Капитан задумчиво кусает мятые губы, смотрит в иллюминатор, выходящий на верхнюю палубу. За иллюминатором сияют люстры палубного освещения, над вторым трюмом водит стрелой один портальный кран. Снизу, слышно, доносятся команды грузчиков:

- Вира!.. Майна!..

Капитан поворачивает голову ко мне, хитро щурится.

- Знаешь что, Виктор Сергеевич, давай сделаем так... - он специально тянет время, придавая паузе многозначительность. - Ты еще молод. Надо уметь ладить с народом. Вот сейчас мы заартачимся - нас выставят на рейд; вся Находка узнает, что “Антарес” привередничает с грузами, жди тогда следующей очереди к причалу.
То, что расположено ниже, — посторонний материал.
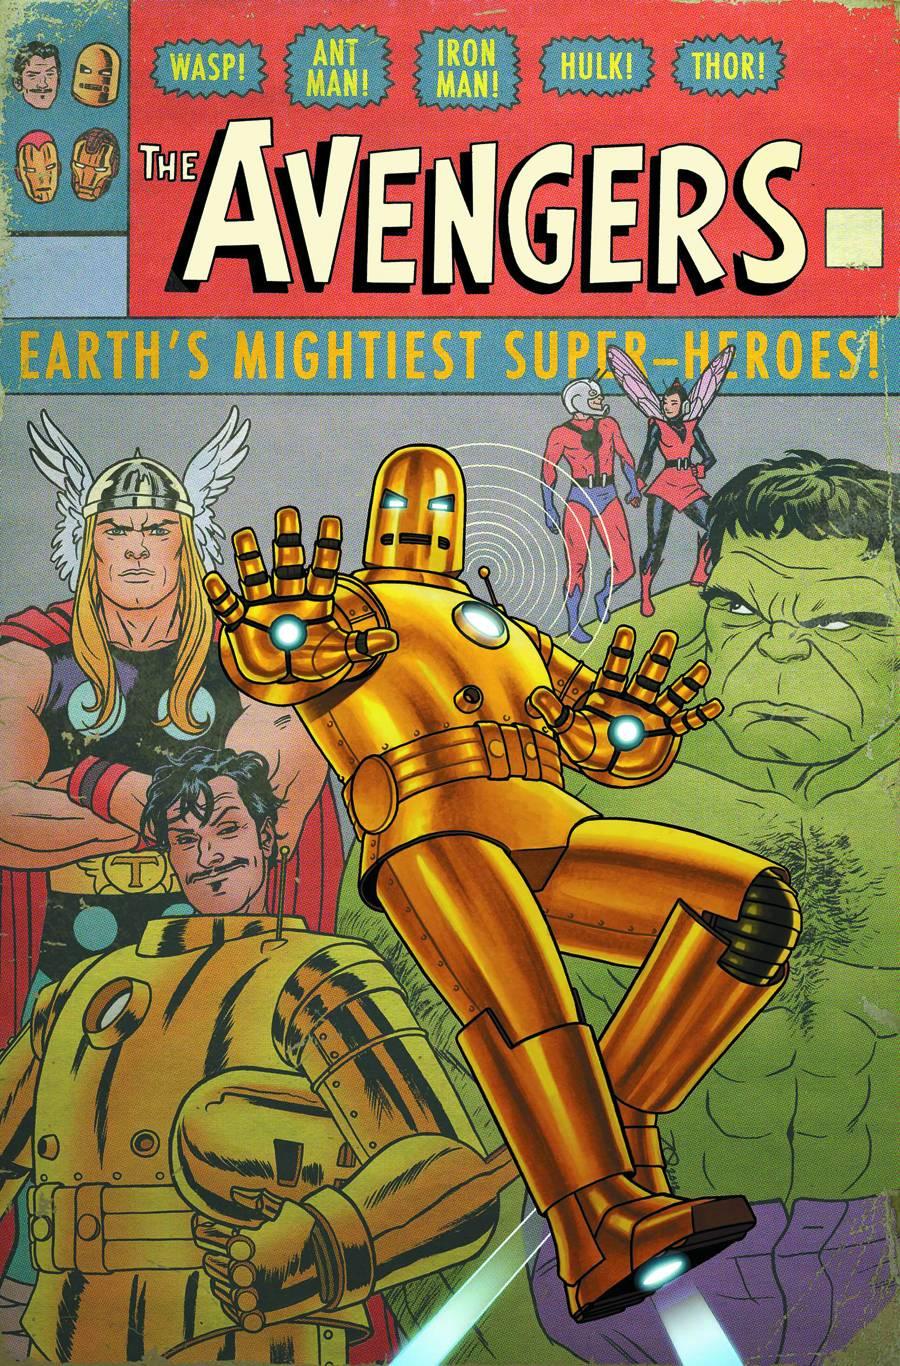 Avengers Vol 5 9 Many Armors of Iron Man Variant Textless.jpg
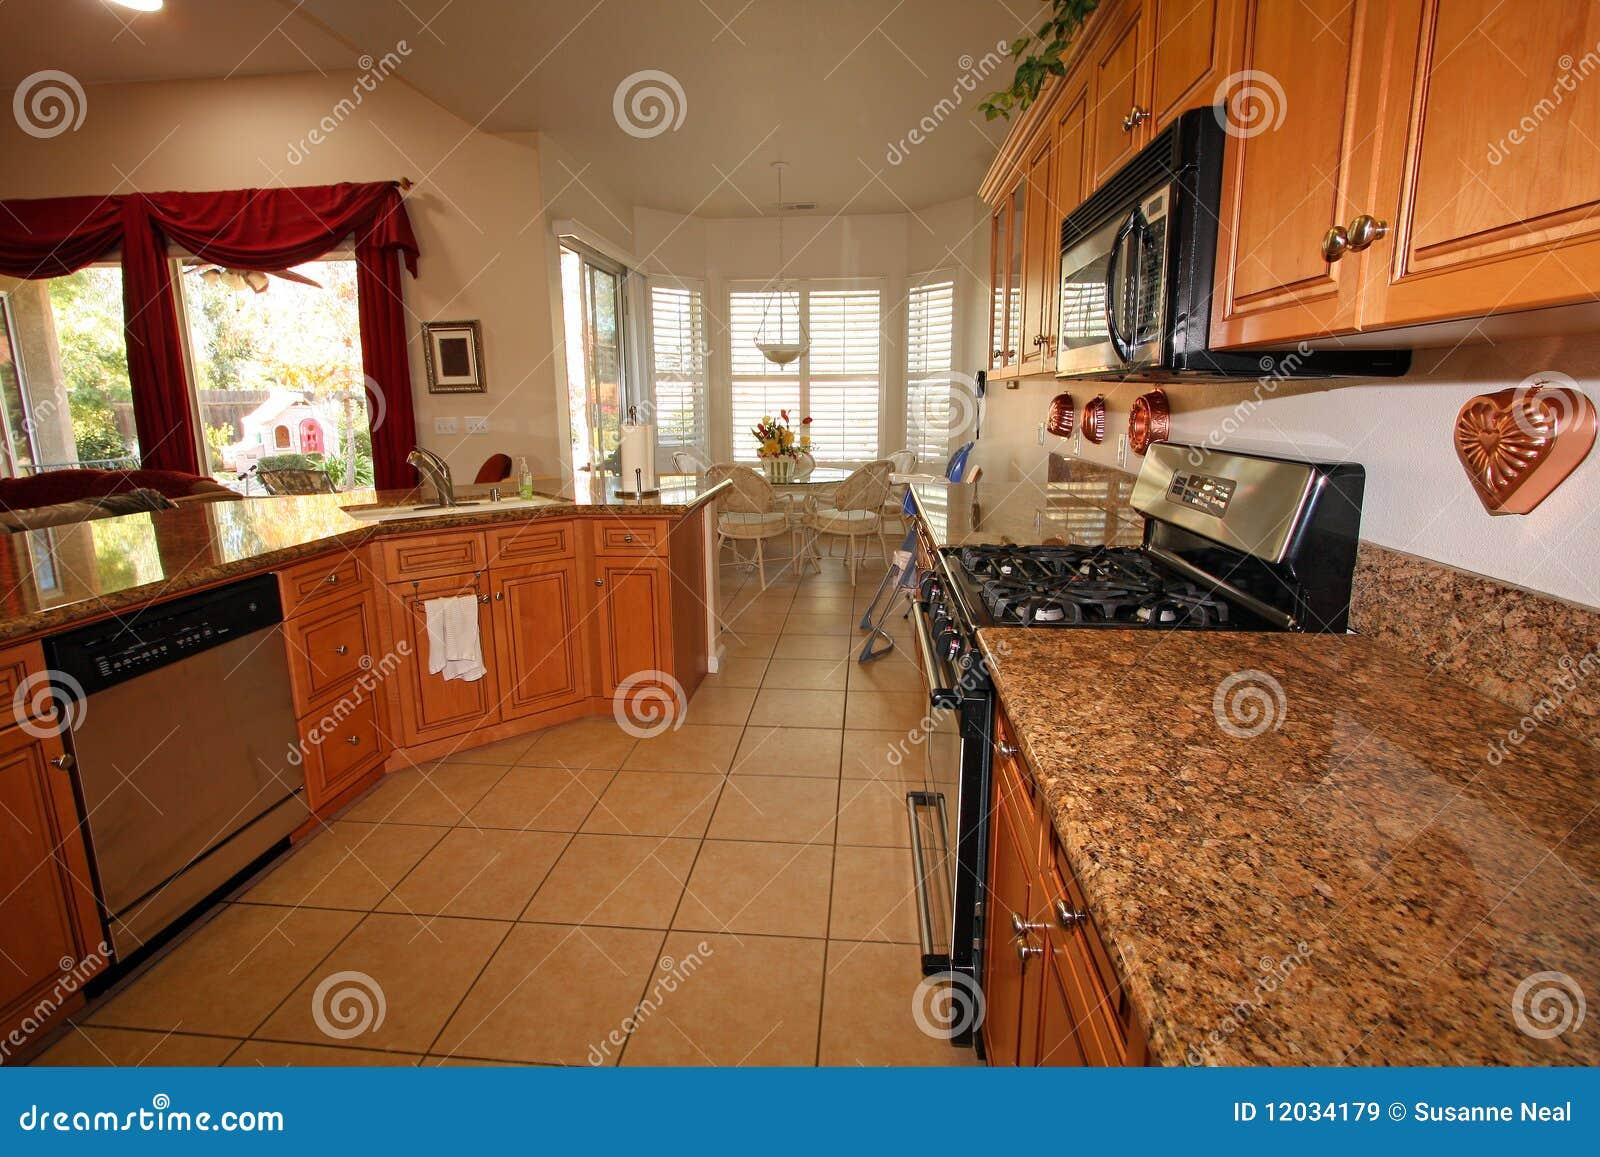 Cucina e sala da pranzo moderne immagine stock immagine for Cucina con sala da pranzo

И что самое интересное, знаешь? Нам опять подадут ту же самую партию масла. Из порта она никуда не денется. Понимаешь?

- Вот и я говорю, - скороговорской подхватывает Джен Пак. - Я пошла навстречу маслозаводу, вы - мне, и все о’кей. А масло в тех ящиках, можете не беспокоиться, самое первосортное, пальчики оближешь! Просто завод не успел вовремя отмаркировать тару, времени не хватило. Не оставлять же людей без премии!.. Такие пустяки!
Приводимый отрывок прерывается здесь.